Her eyes prompted Cigar to bail her out. But he refused, forcing her to say the word. Finally she mumbled: “Unreasonable.”

“Well. Well then. Let’s…” He cleared his throat. “Let’s start you on one session a week. Do you have an hour now?”


Sometimes, patients came to sessions because they needed medical help. Sometimes, they came because they wanted somepony they could talk to.

When the yak raised a statue of Yona in their capital square, and Equestria sent an expeditionary force to protect the yak’s independence, Flurry raged. She screamed obscenities into Cigar Dream’s face, smashed furniture, and threatened to drown Equestria and the north alike in blood.

“It’s Celestia,” she shouted, pacing back and forth across the floor in front of his chair. “She’s always hated us. Always! She tortured my mother by making her a ruler, then left us all to suffer under Amaryllis, and now that the yak are plotting against us in turn, she helps them.”

“Is raising a statue to a war hero really plotting against the Crystal Empire?”

“A war hero for the other side. A collaborator. I put her on trial,” Flurry screamed so hard her voice cracked. “I made her confess to war crimes against her own people!”

“Maybe so,” Cigar weathered the storm, “But is raising a statue of her the same as plotting against the Crystal Empire?”

“You don’t get it. This is how it starts. First, they honor Yona as a war hero. Then they start to say, if she was a hero, she must have fought for the right side. Heroes don’t fight for the villian. Then they say that we must have been the villains. And then one day,” she gestured sharply with a hoof, “years from now, when the Crystal Empire is weak and they’re strong, they’ll turn on us!”

“So you want to attack them. Occupy their nation.”

“Yes, obviously!” she snapped.

“For how long?”

“Until they accept they were on the wrong side of the war.”

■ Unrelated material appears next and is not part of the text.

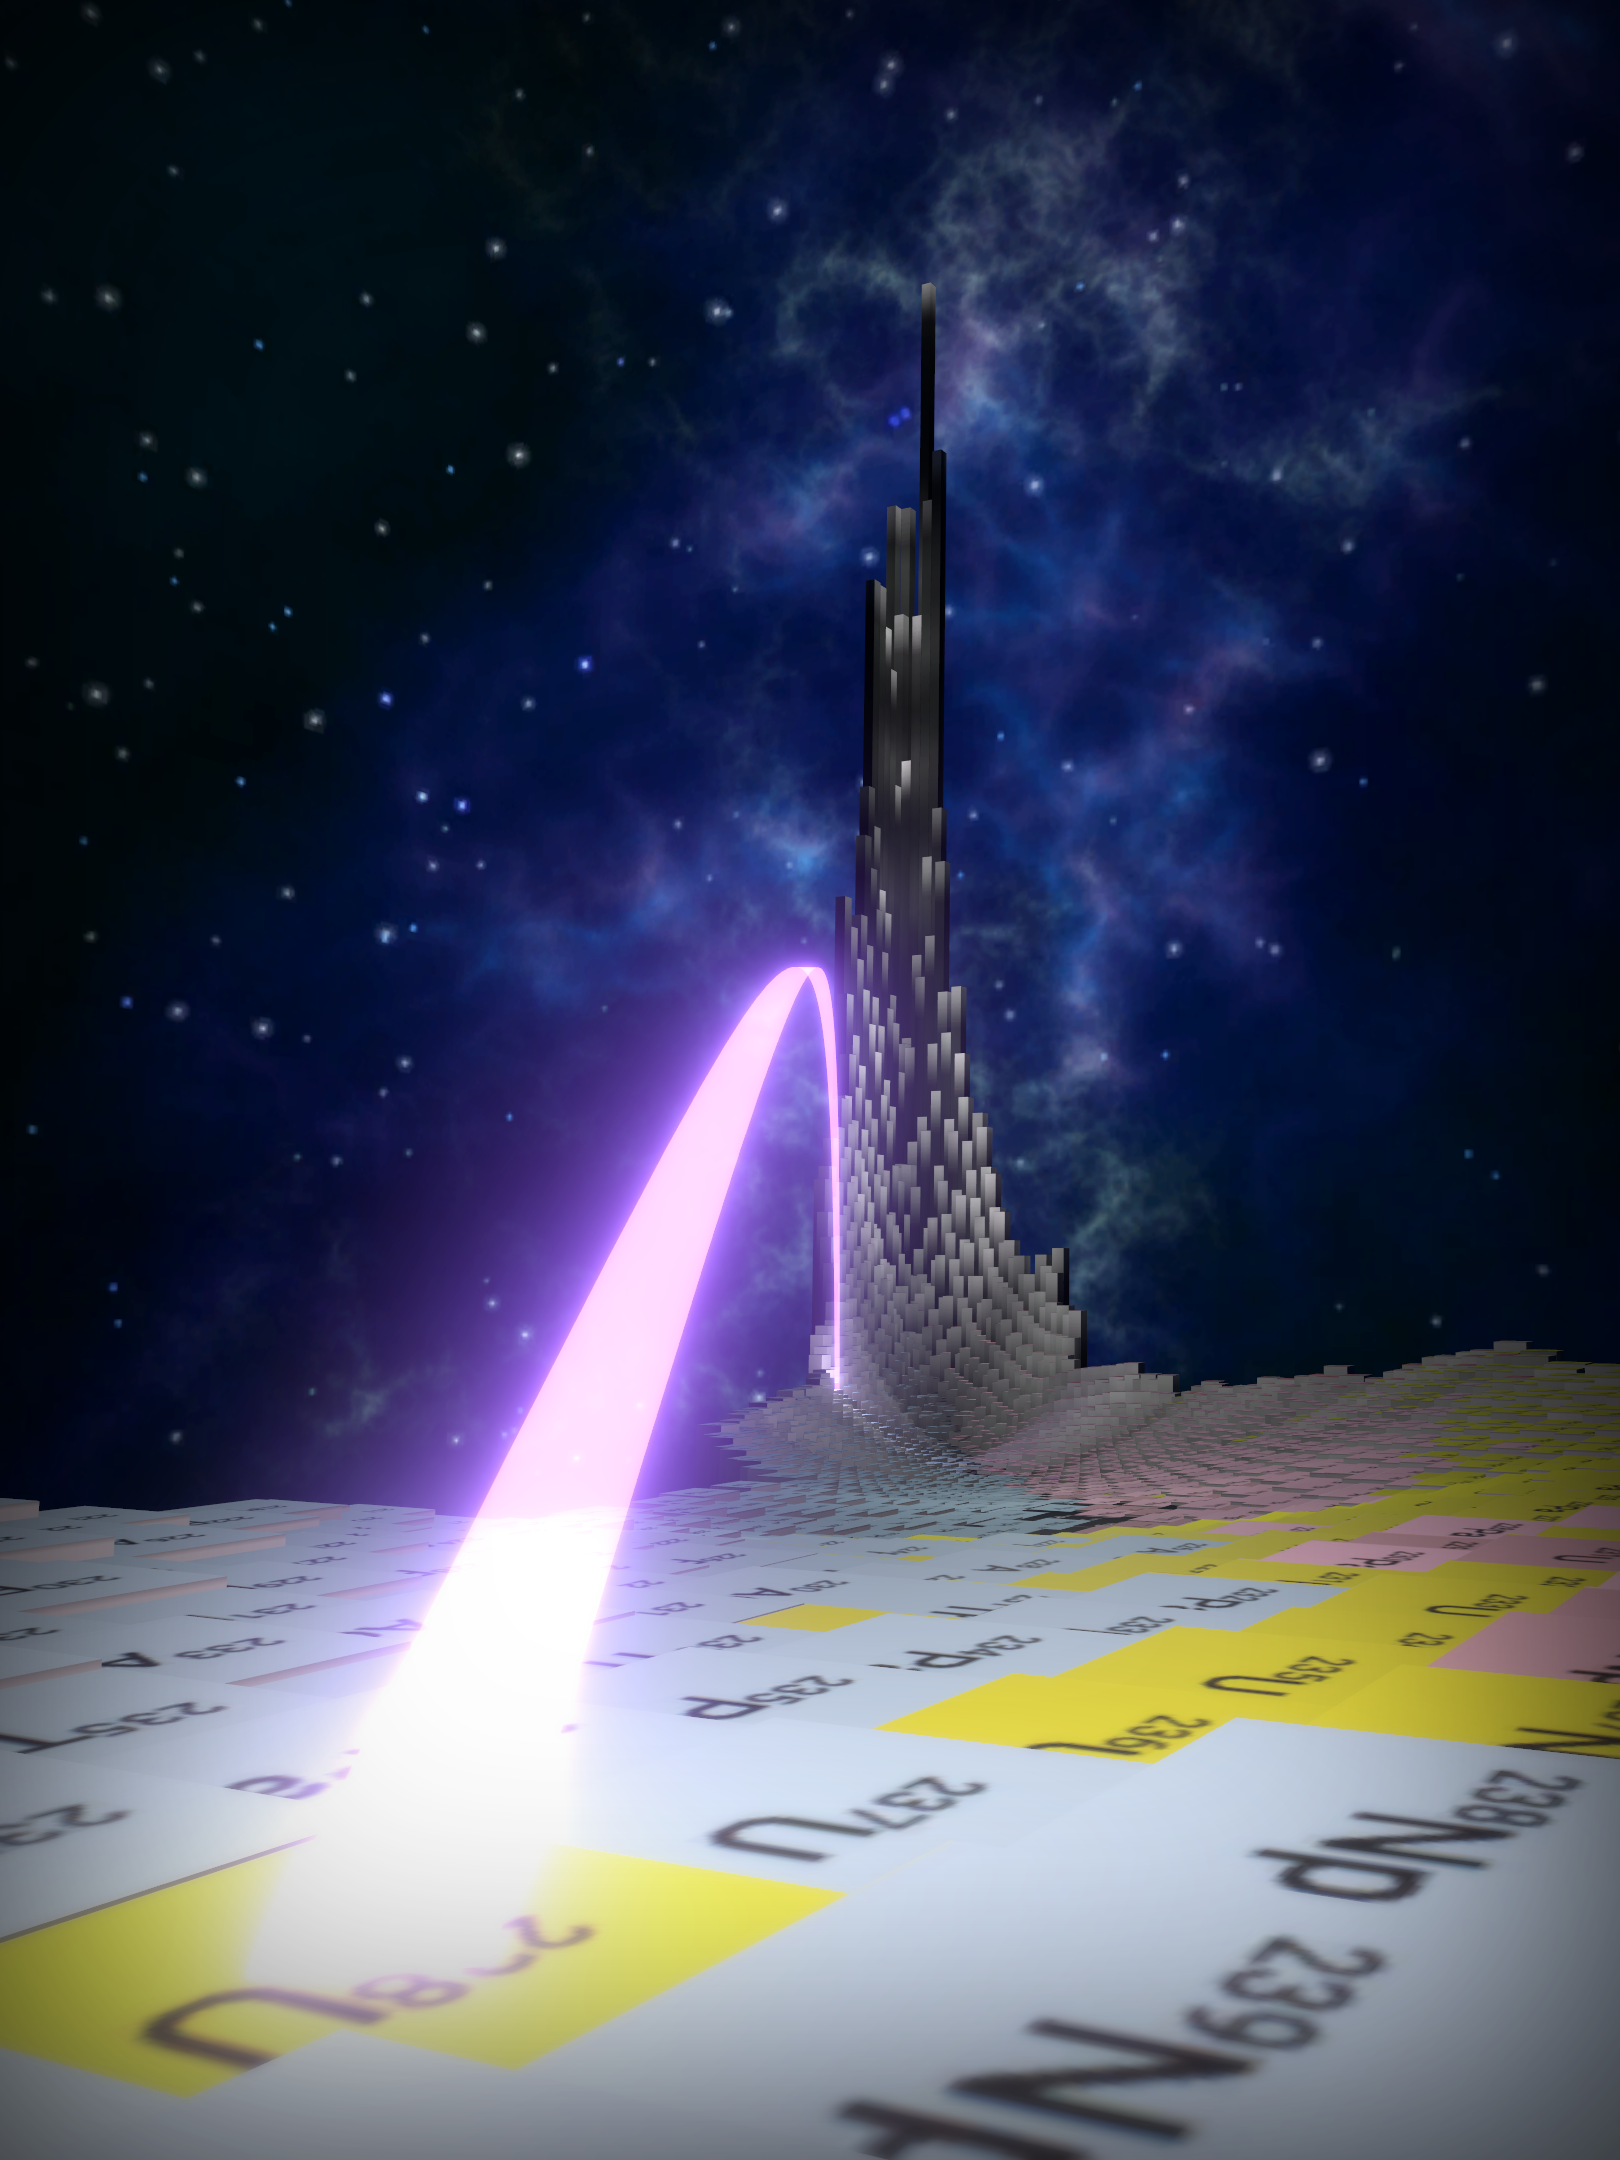 A dark tower in a landscape of tiles with a purple ray eminating from it

“And how long is that?” Cigar asked. “When is it over?”

“It’s over,” Flurry snarled, “when all my enemies are dead!”

“Are the yak your enemies?”

Flurry’s horn glowed. Her glaive swung around, and pressed up against Cigar’s neck. “I don’t find your jokes funny,” she said.

His face had gone white as a sheet. A thin line of blood ran down the edge of her weapon. “I wasn’t joking. The last race that lifted a hoof against you was exterminated to the last child. The yak have raised their hooves against you. And so I’m asking. Are the yak your enemies?”

“I…” Flurry hesitated, then withdrew the blade from his throat. “No. No, they’re… they’re not.”

“I’d like to hear you repeat that. Please say, ‘the yak are not my enemies.’”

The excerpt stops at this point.